US musician Verdine White, Robin Thicke and T.I.,during the Grammy Nominations Concert in December last year. EPA/PAUL BUCK

Troubling times for industry

The Grammys were initiated by a small group of executives from the major record labels in 1957. The first awards show took place in 1958, sponsored by the National Academy for the Recording Arts and Sciences.

As with the Oscars and the Emmys before them, the Grammys were part of a much wider effort made by a large number of industrial associations in the two decades after the second world war to craft and impose what US labour historian Elizabeth Fones-Wolf called a “more conservative and consensual political climate”.

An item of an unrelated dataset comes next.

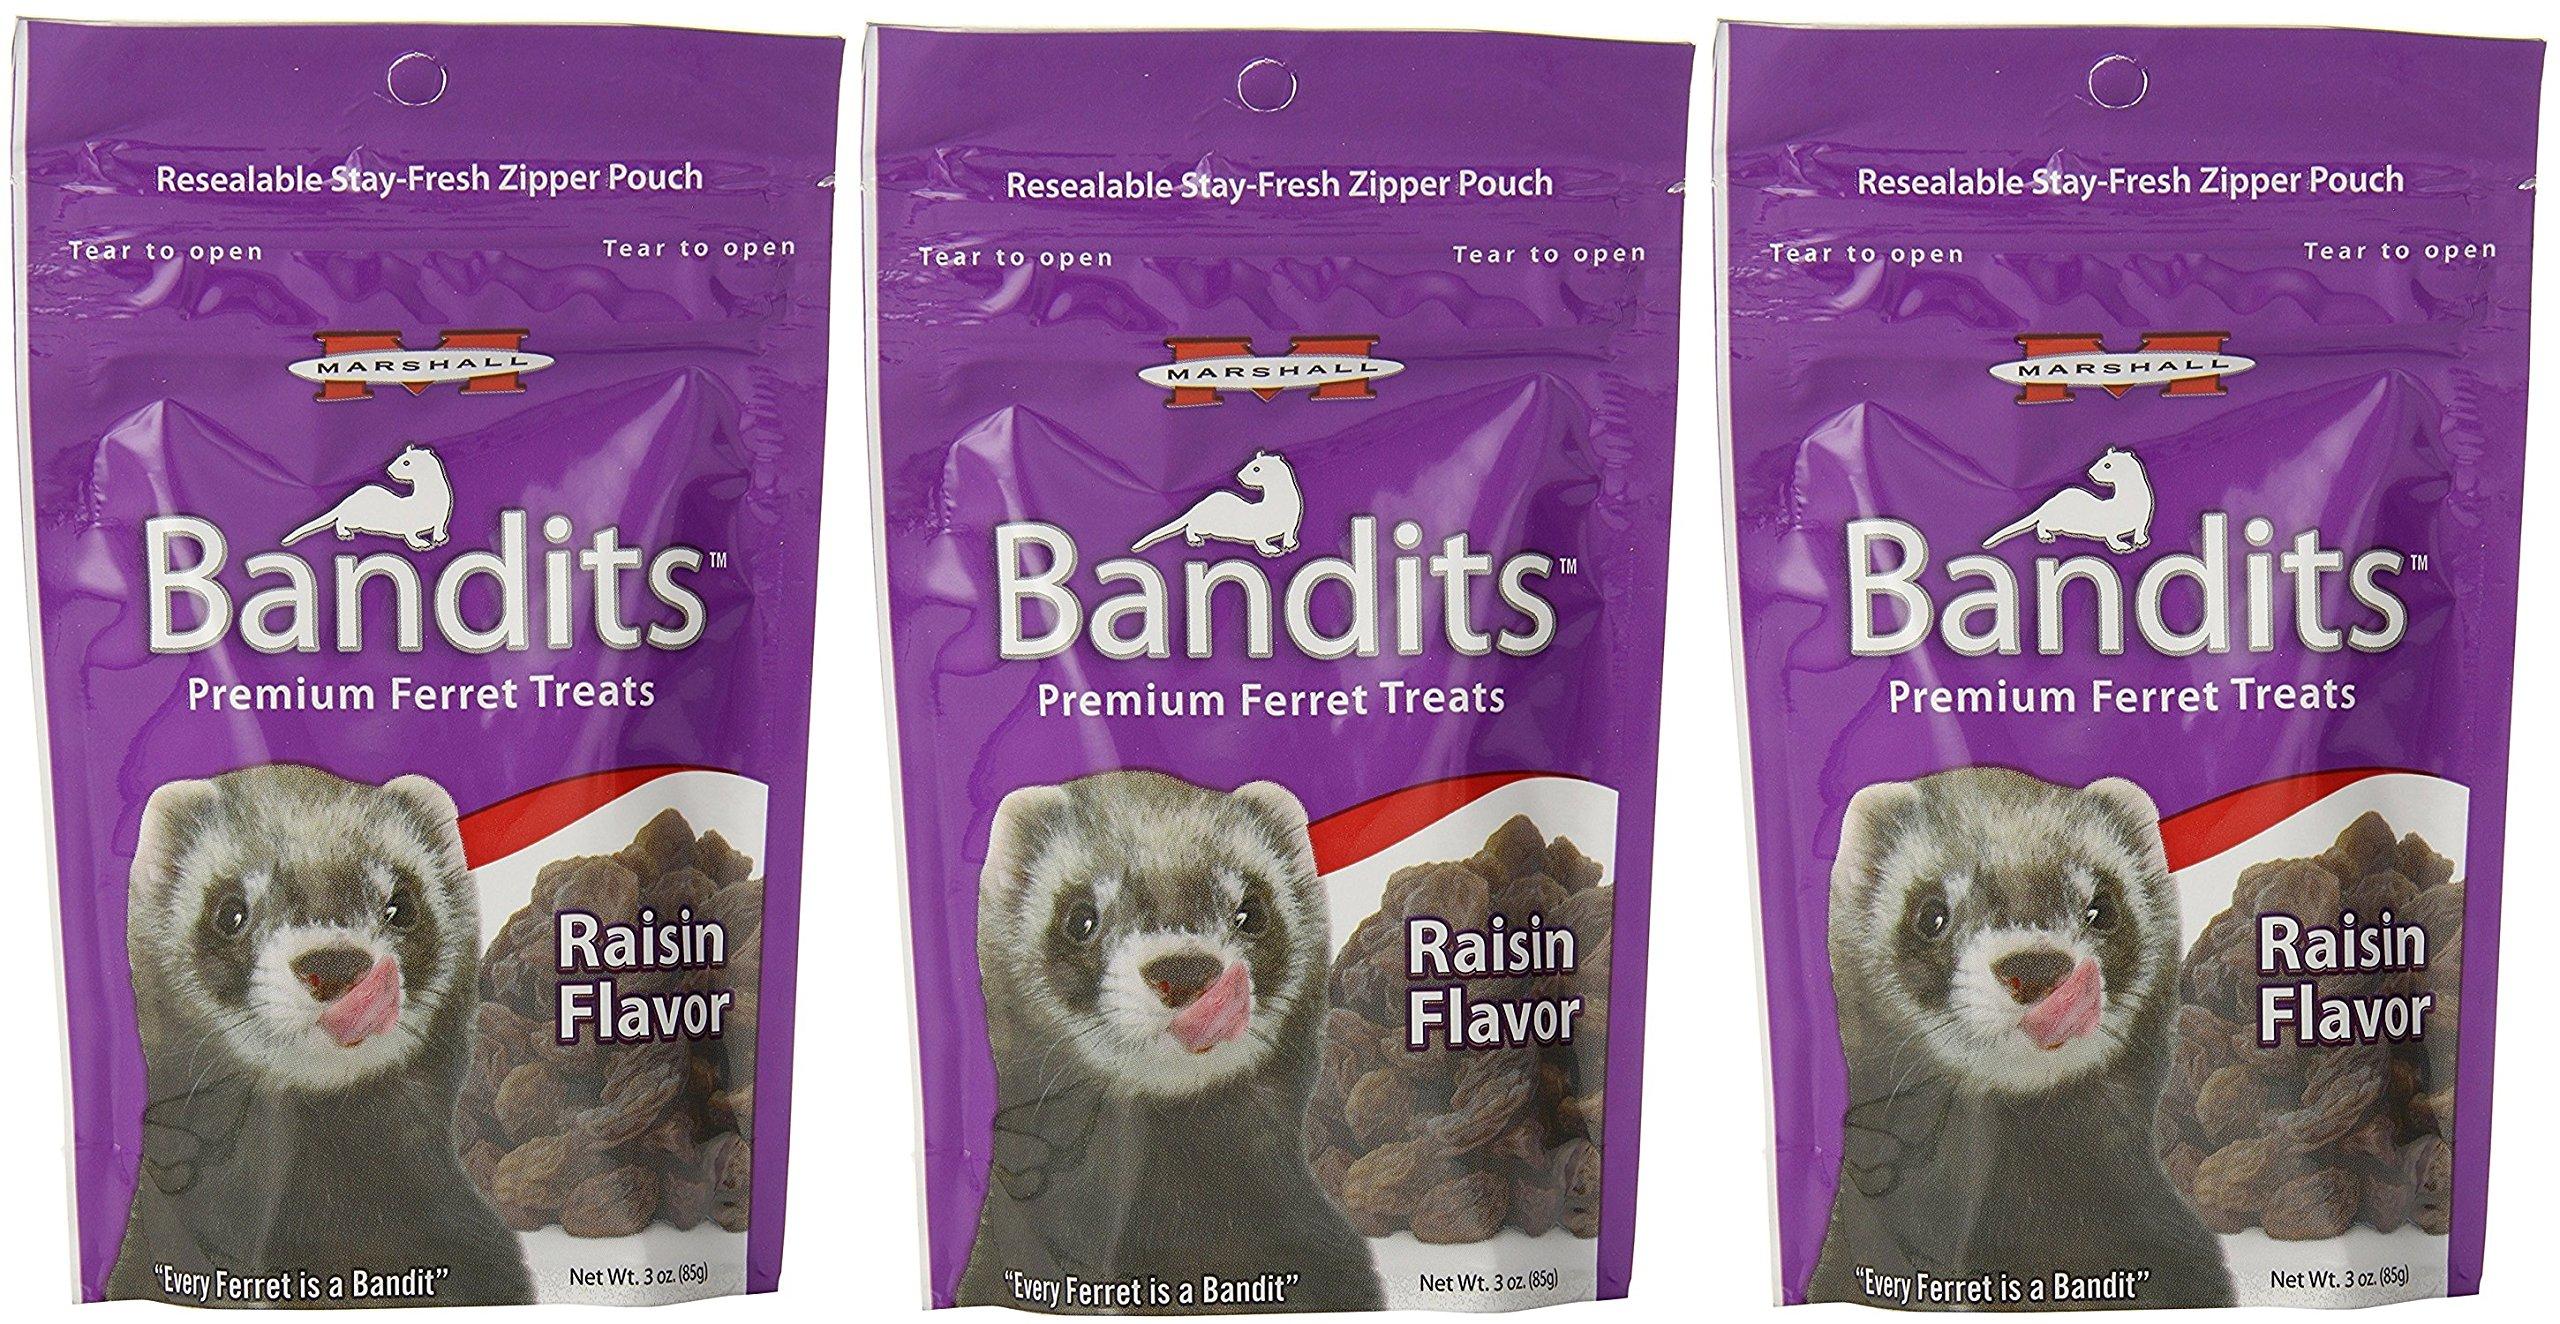 (3 Pack) Marshall Bandits Ferret Treat, 3-Ounce, Raisin

The captains of industry were facing a tide of labour militancy, increasing economic competition at home and abroad, and burgeoning civil unrest. As Fones-Wolf shows, in her sterling book Selling Free Enterprise: The Business Assault on Labor and Liberalism, 1945-60:

important segments of the business community responded to this economic and ideological challenge with an aggressive campaign to recast to political economy of America.

She explains that, behind the more obvious fights over politics and policy was a struggle “to reshape the ideas, images, and attitudes through which Americans understood the world”.

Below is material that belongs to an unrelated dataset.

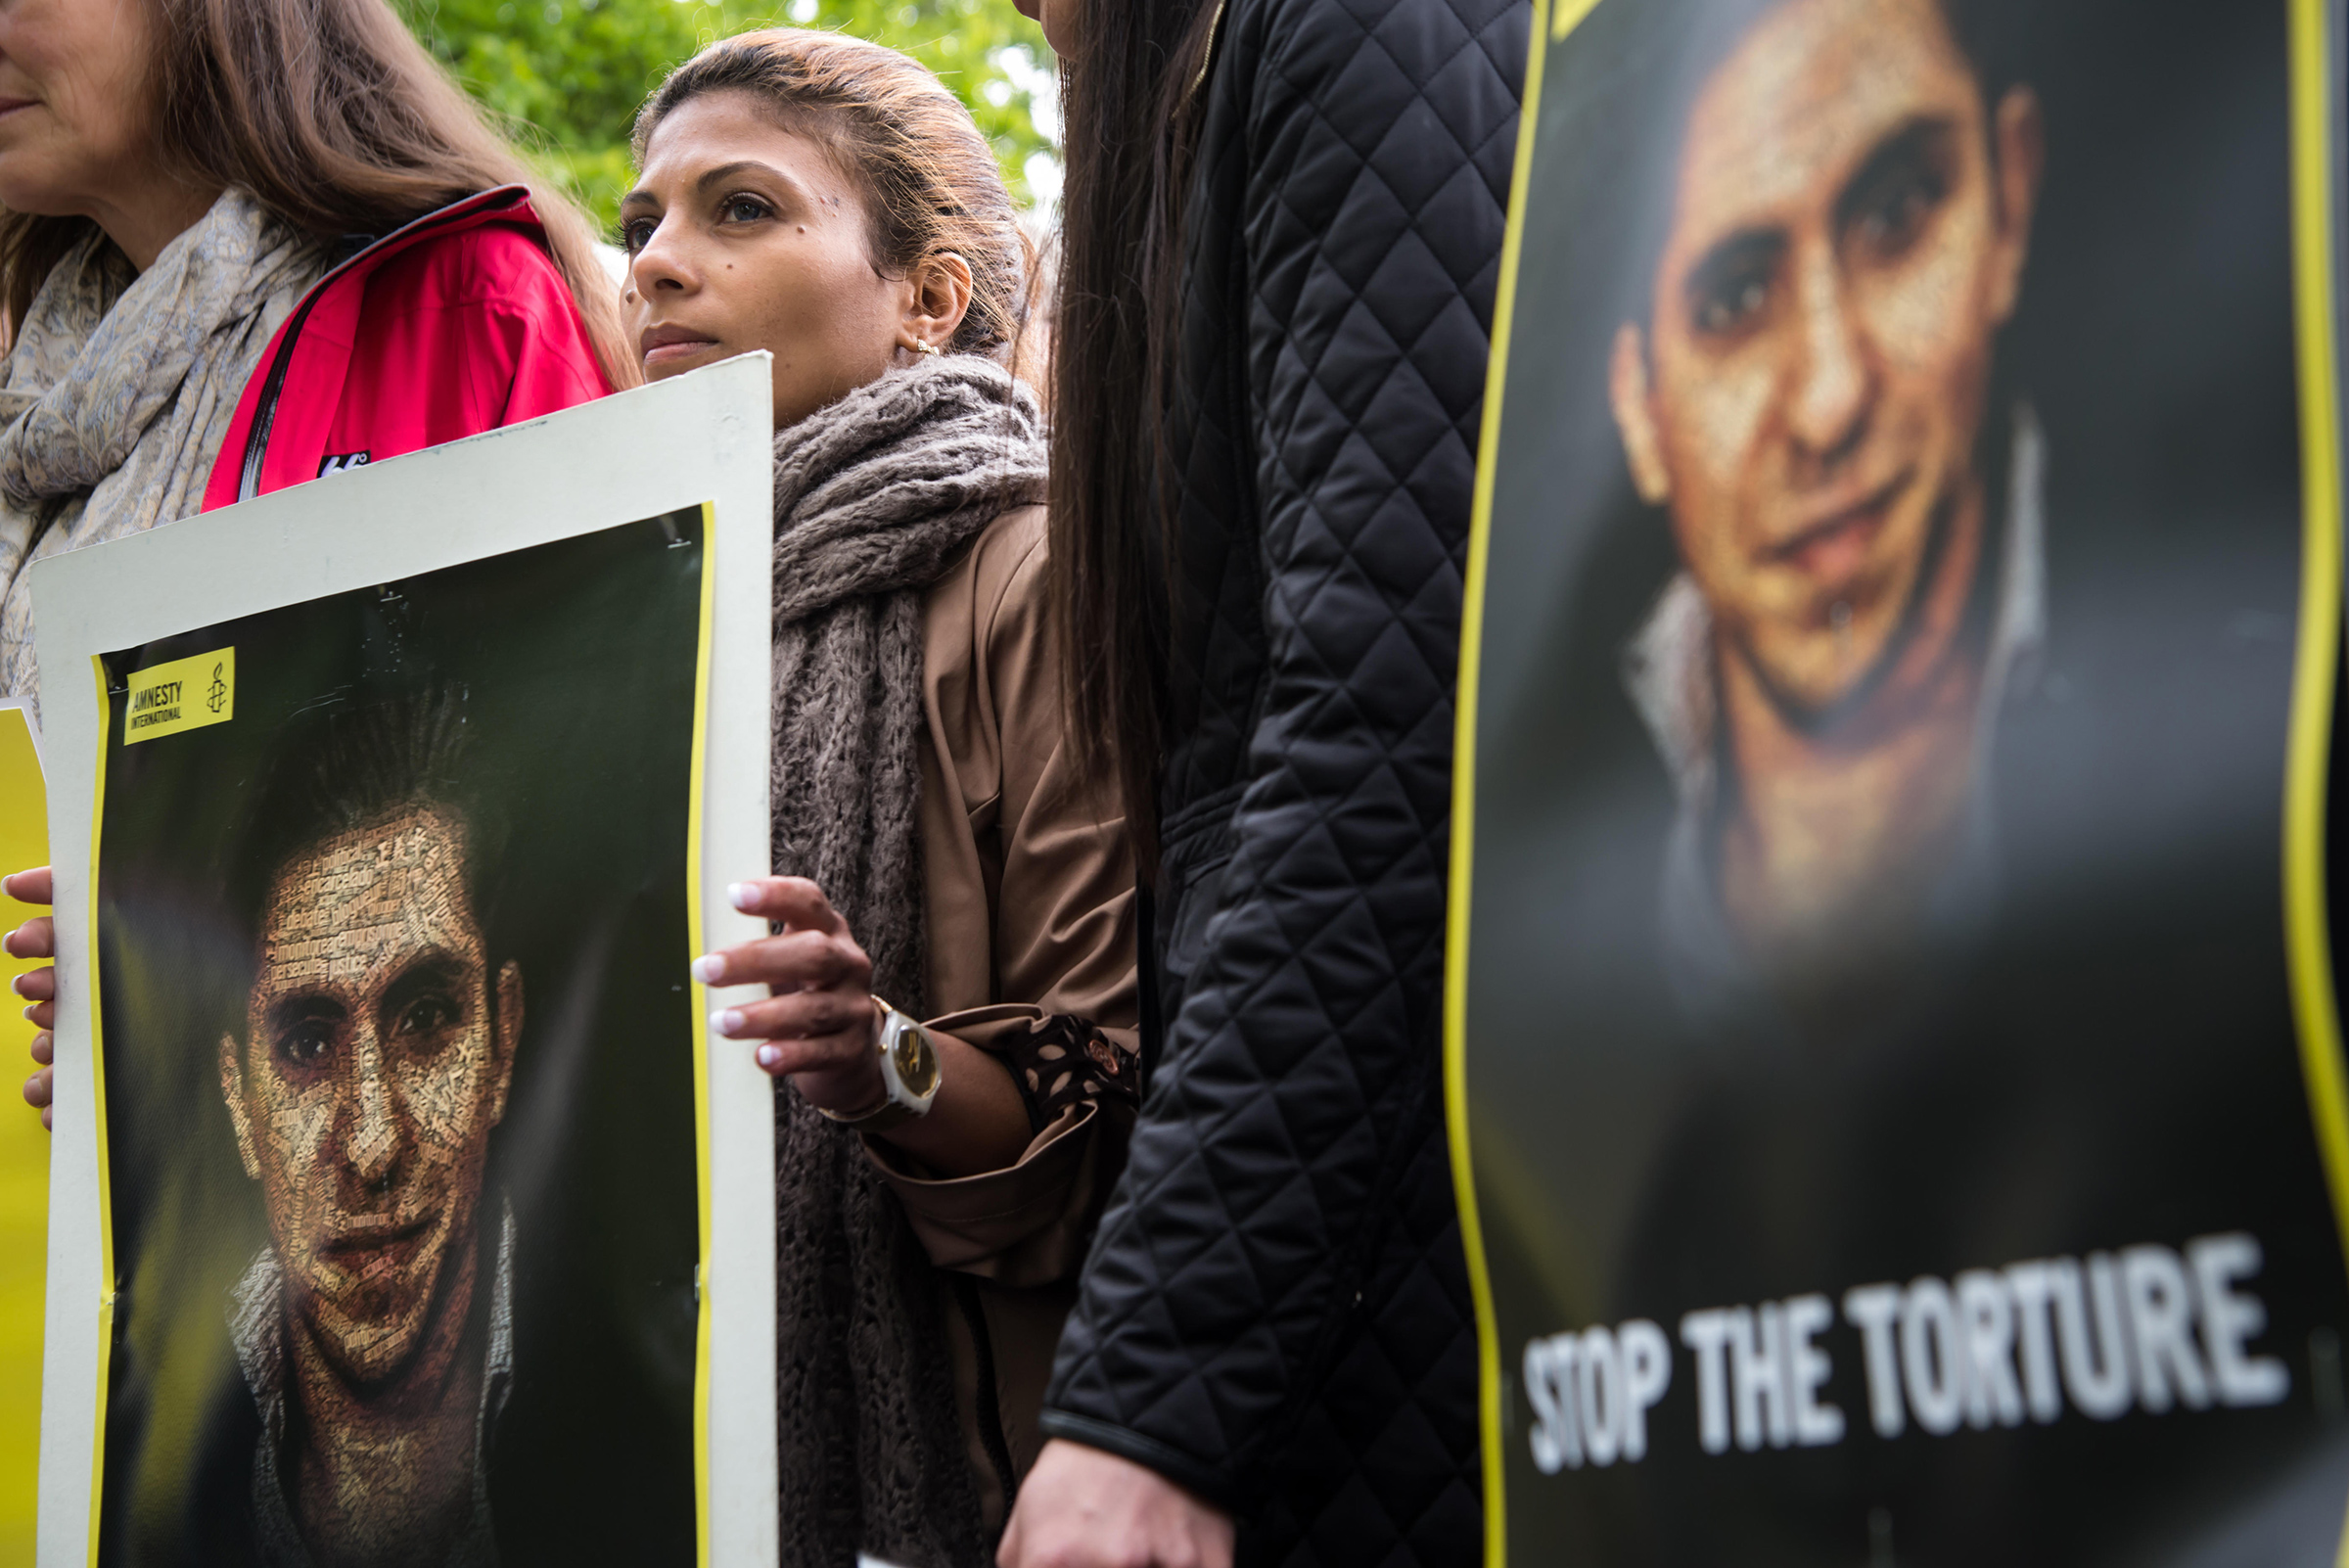 Ensaf Haidar, wife of imprisoned Saudi Arabian blogger Raif Badawi, protests for his release.

Those who saw themselves as the custodians of the future were fighting a war against their own workers and for the minds and hearts of the public.

The music industry was by no means exempt from these forces. It also faced extensive labour militancy and a public – especially younger people – that was turning to other sources of pleasure and entertainment.

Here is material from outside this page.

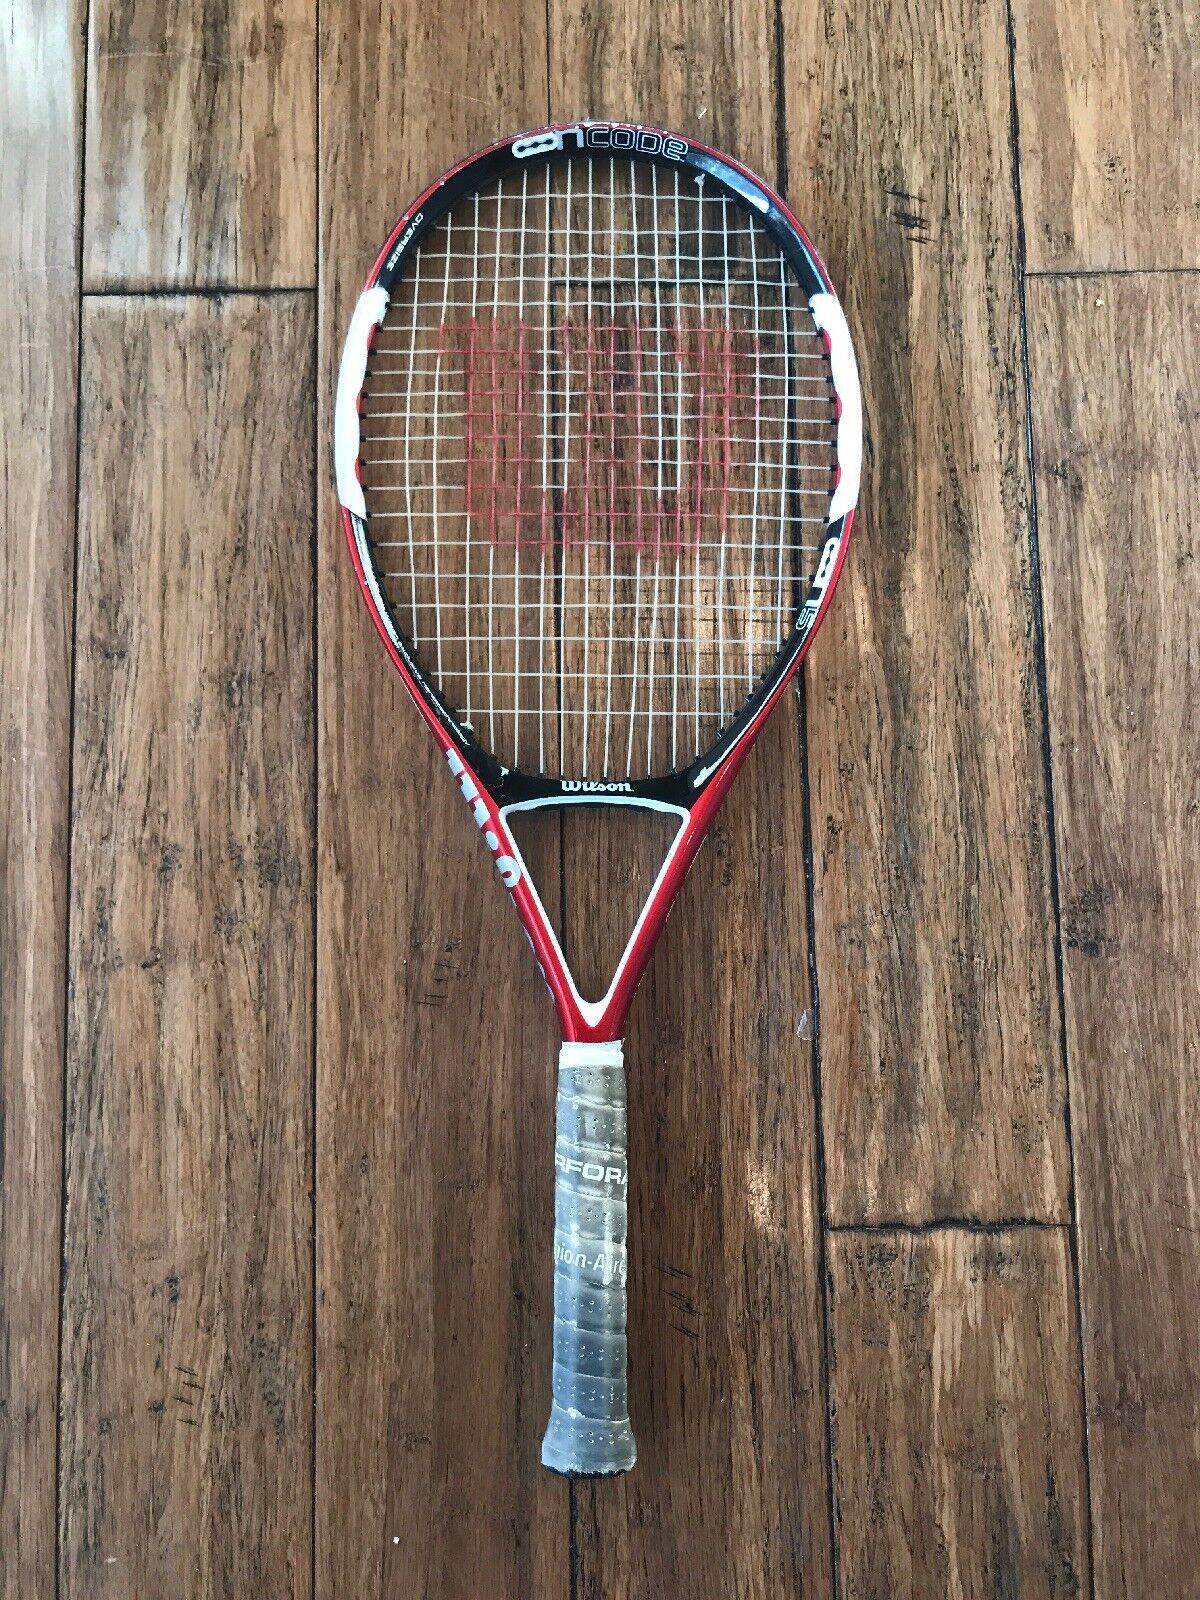 WILSON nCode N5 Force Tennis Racquet 27.25  Long 264 Grams Red 16x20 4 1 2

At about the same time as the Grammys were created, the music industry was facing one its more serious periodic insurgencies from new forms of music made by independent entrepreneurs. The emergence of musical styles such as rock and roll did more than threaten the social norms of the time. The small record labels and independent radio stations that came with these new forms of music also threatened the infrastructure of the post-war music industry.

Further, there were many other new forms of music emerging from places that executives in New York and Los Angeles thought were a little out of the way, such as Memphis, New Orleans, Detroit or Chicago.

Rhythm and blues, soul, Motown and new and inventive forms of jazz with odd names such as bebop were thriving as well. Those forms of music didn’t evolve in a vacuum. They had small record labels to produce them, new radio stations to promote them and new venues to host their live shows. There was a whole infrastructure rising up that was expanding rapidly as recording technology got better and cheaper.

Those who created the Grammys said they wanted to “elevate the tone” and “raise the standard” of excellence in popular culture. But behind the soothing rhetoric there was a grim battle for industrial supremacy. By creating the Grammys, the major record labels were reacting to the perceived vulnerability of their economic dominance over the production and sale of music. A dominance that continues to this day.

Selling the system

So, a few things to keep in mind if you choose to pay attention to the Grammys this year. We are talking about a product – music – that is pervasive and easily replaced, the appeal of which is mercurial and elusive.

Is the system broken? EPA/ANDREW GOMBERT

That makes the work of selling music extremely important to those in the industry. The Grammys still possess that oddly contradictory form of elite paternalism that used to be a genuine feature of capitalism in the era in which they were founded.

While this lavish spectacle may seem a little unnecessary to most of us, it remains a very valuable educational guide to those who produce it, labouring as they are under the pretension that we need to be told what counts as the best music of our time.